Basically, it can be likened to an allergic reaction with harsh reactions that can affect multiple organ systems, such as respiratory, nervous, cardiovascular, digestive, skin, etc. and therefore can cause numerous symptoms that include asthma, headaches, joint pain, rashes, irritable bowel, mood swings, brain fog and many more.
 

Are we having fun yet?
 

Anyway, triggers and symptoms can vary depending on the individual. As an example, someone may eat dairy and later on develop a headache. Or, as in the case with our family, we are affected by perfumes/fragrance, pesticides and petroleum products and our allergic reaction varies from high blood pressure, seizures, heart palpitations, alopecia, depression, nausea, or flu-like symptoms.
 

And over a period of time, like most allergies, these triggers can grow ever the more sensitive, so that they become very debilitating for those of us that suffer from this condition.
 

If you suffer from any of the aforementioned, don’t be misled or discouraged. There are two camps on this issue: those who believe that these symptoms are psychosomatic and those who feel that this is real and caused by over-exposure to chemicals in our environment.
 

I for one am with the second camp because I am living it, along with countless veterans of the 1991 Gulf War and First Responders and others exposed to the World Trade Center toxins. And we are not alone. There are literally thousands around the world who suffer from MCSD.
 

In our head? I think not.
 

So what did hubby and I do to keep out of harm’s way?
 

I had to call ahead and request that the hotel remove all fragrance from the room, including soaps, shampoos and linens and to clean with nothing but hot water and vinegar. Yep, Grandma’s old cleaning recipe really works as a great cleaner and disinfectant. And the Hotel was all over it. They assured us that this was not a problem and would have our room ready upon our arrival.
 

But…they had forgotten one request. They had forgotten one step that would make or break our stay. What was it? Ozone. They forgot to ozone our room. For those of you that don’t know, ozone is a safe way to neutralize chemicals, odors, molds, etc. from any surface or space. And they forgot. I wanted to cry, but never fear, the manager was near. He gave his word that while we dined, at their expense by the way, they would ozone our room. (Mmm, I can still taste that filet mignon.)
 

What’s the moral of this story?
 

It wasn’t perfect. And how could we expect it to be? Our world is far from perfect. But we survived. Perhaps a little sick, but it could’ve been worse. I spent the entire trip sleeping on the floor of the bathroom on a make-shift bed that hubby put together made of several pillows, topped with a comforter and pillow. It was a little like camping out in an RV. An expensive RV, but we survived. And we made it home safe and sound.
 
 

So what do you think? Have you ever heard of MCSD? Do you or do you know someone who suffers from any of the symptoms listed above? For the longest time, hubby and I did not make the connection until our doctor diagnosed it. It was truly an “Aha” moment. Perhaps you may suffer from another malady. What are some of the things that you find helps your family keep out of harm’s way and stay safe and sound? Please feel free to share any thoughts or suggestions!
 
 

For more information on MCSD, please visit http://www.chemicalsensitivityfoundation.org/index.html.
 
 

Thanks everyone for stopping by and for all your encouraging comments!
Karen

 

36 thoughts on “Safe and Sound

  1. Suzanne Vince

    Wow, who knew there was such a condition? You poor thing. Thank you for educating us about it! I’m sure it was a relief to have an official diagnosis so you could begin to better understand and manage it.

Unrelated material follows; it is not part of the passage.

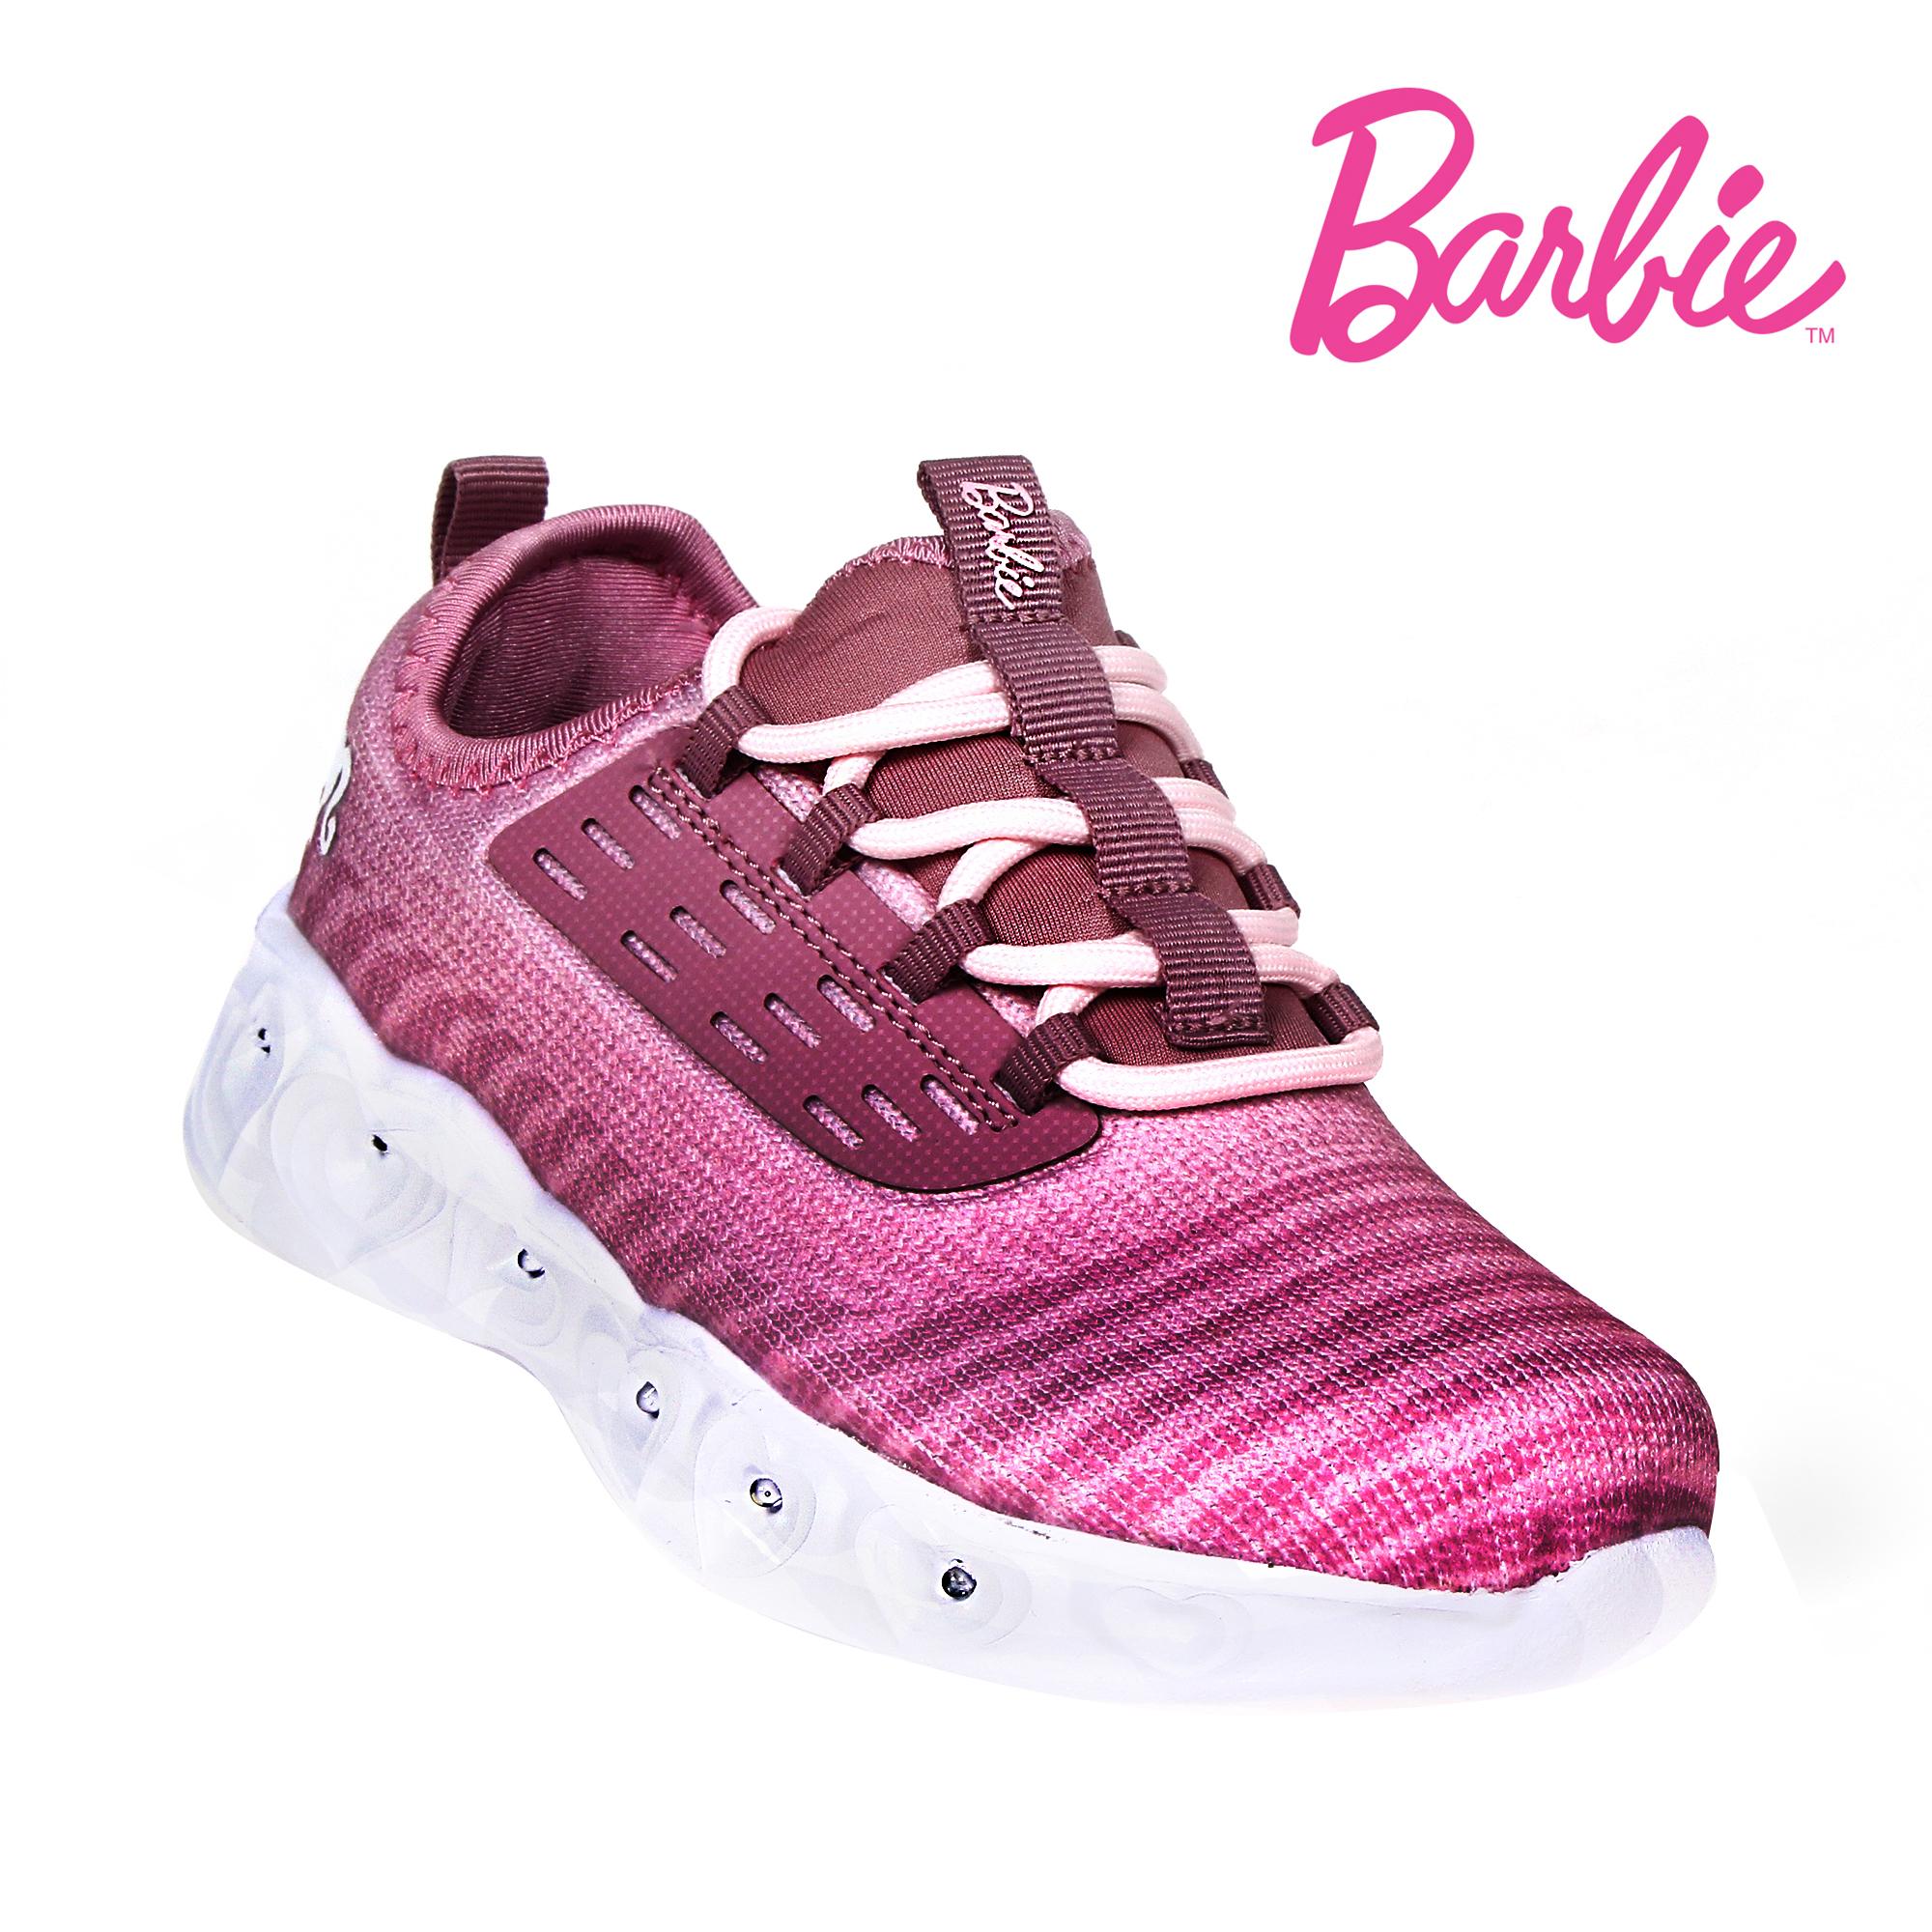 barbie rubber shoes

    I started having heart palpitations when I was 13, and until I was in my thirties, was told it was all in my head. It was maddening and terrifying. When I was diagnosed with Mitral Valve Prolapse and learned about the disorder, I was so relieved to learn it is a benign condition. It still freaks me out a little when I have an episode, but at least I know now that I won’t die from it. It’s always the fear of the unknown.

    Take care, sweetie!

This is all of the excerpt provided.